(PROBLEM TO SOLVE):
Beginning at the line that contains "Trải qua hơn" and finishing at the line that contains "Shibuya Crossing at Night Stock Photo", output the data below exactly. Include both end lines and no pictures.

(DATA FOR REVIEW):
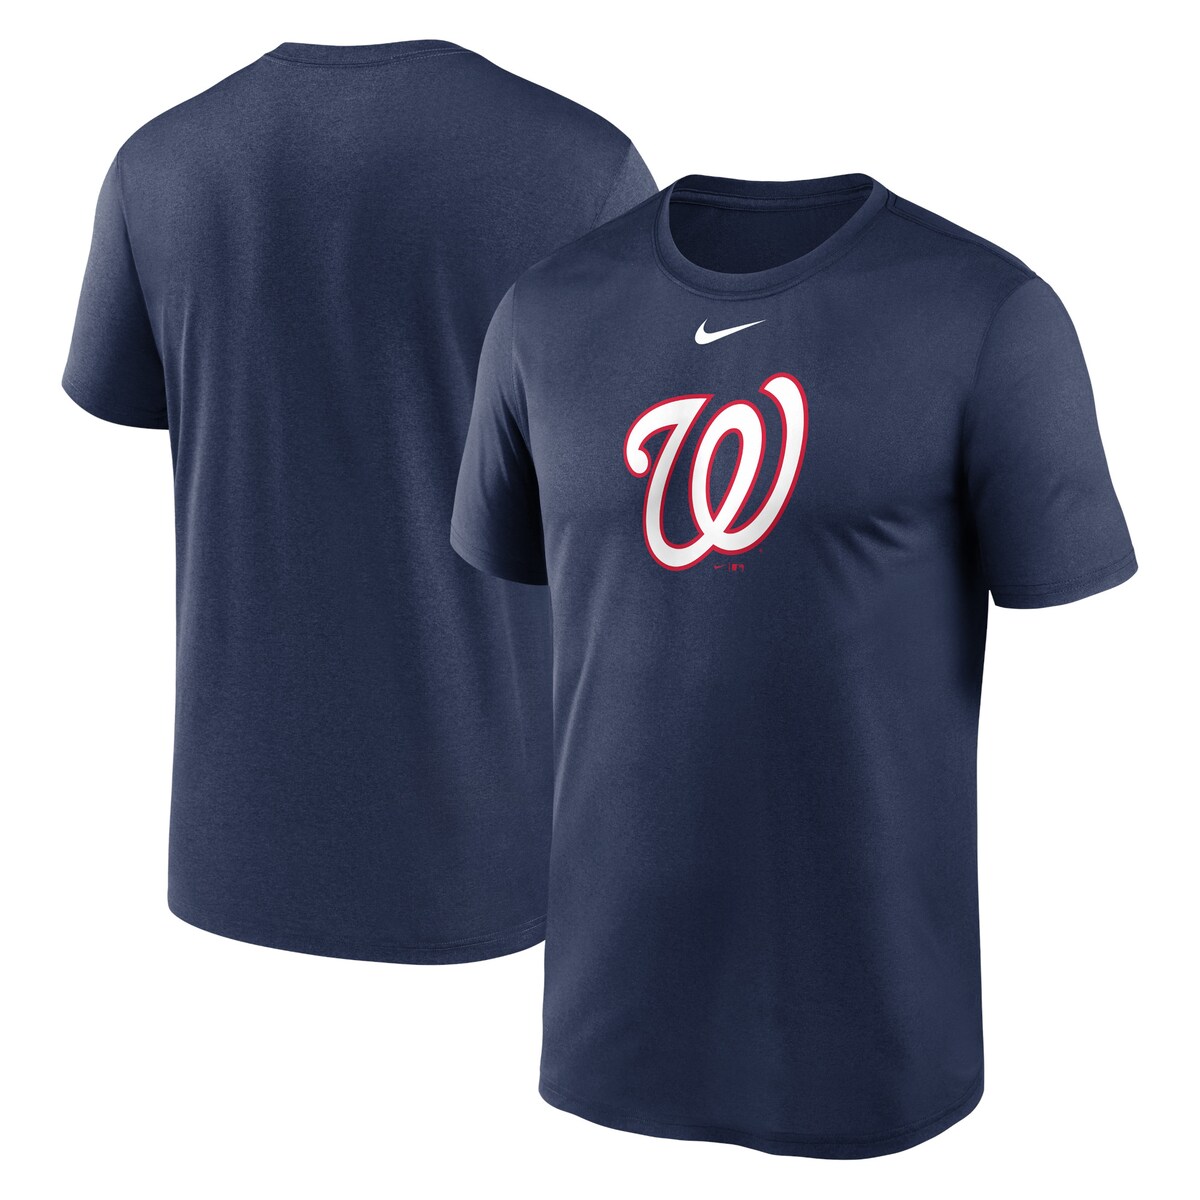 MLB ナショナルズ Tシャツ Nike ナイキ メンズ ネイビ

...

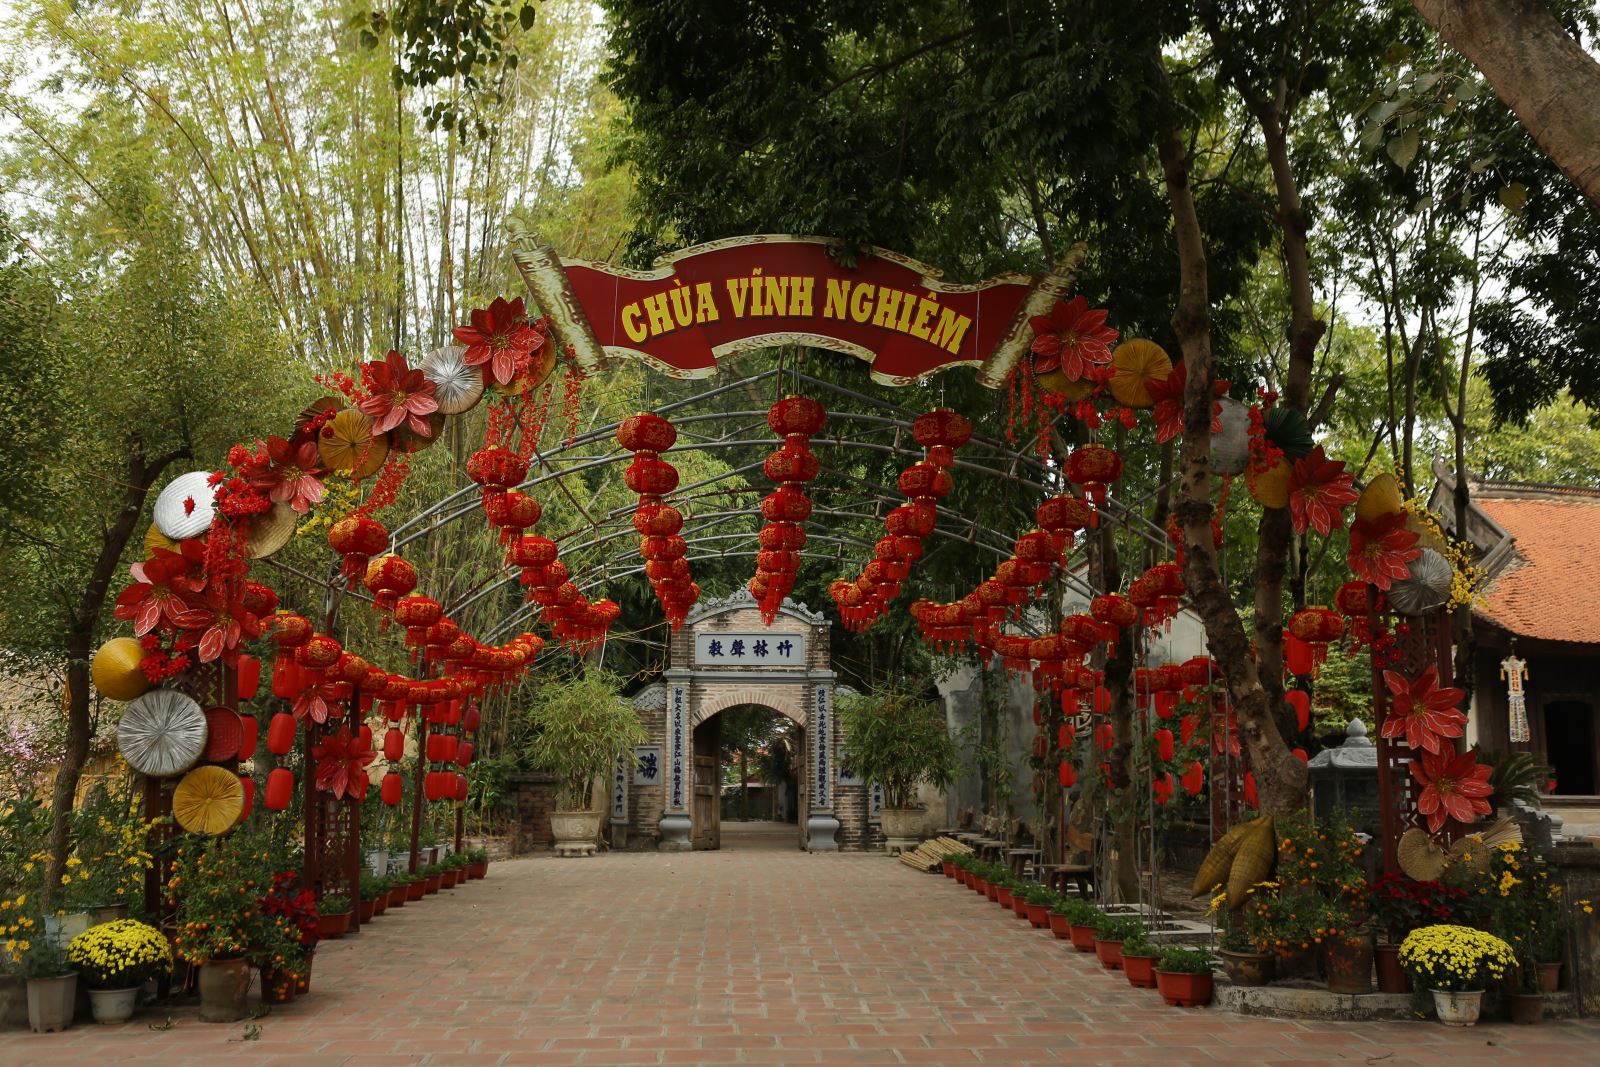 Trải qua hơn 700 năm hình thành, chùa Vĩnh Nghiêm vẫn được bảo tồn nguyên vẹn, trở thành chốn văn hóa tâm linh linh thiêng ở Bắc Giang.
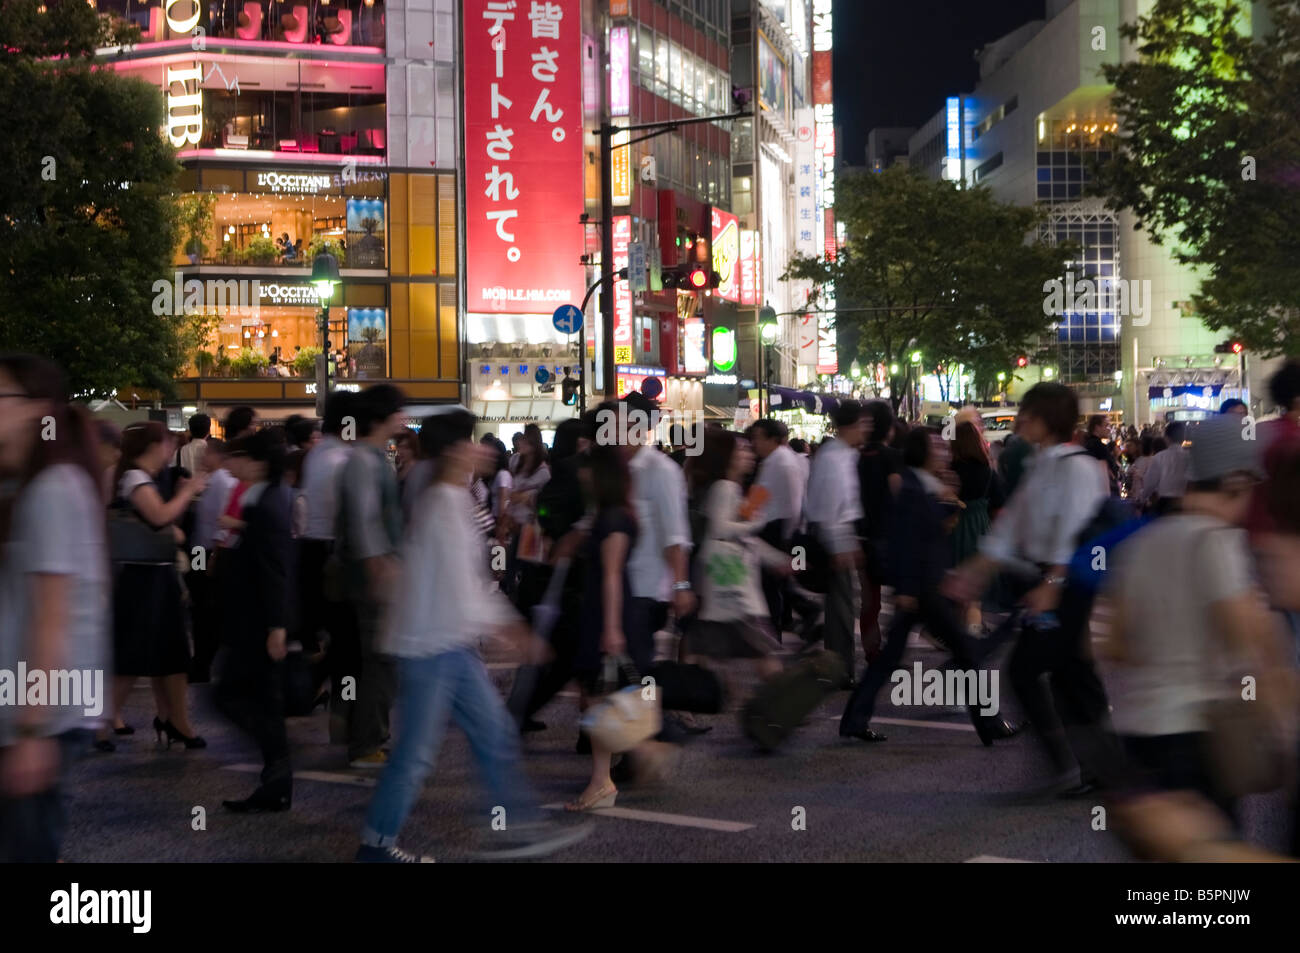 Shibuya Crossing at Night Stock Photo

(RESPONSE BOX):
 Trải qua hơn 700 năm hình thành, chùa Vĩnh Nghiêm vẫn được bảo tồn nguyên vẹn, trở thành chốn văn hóa tâm linh linh thiêng ở Bắc Giang.
 Shibuya Crossing at Night Stock Photo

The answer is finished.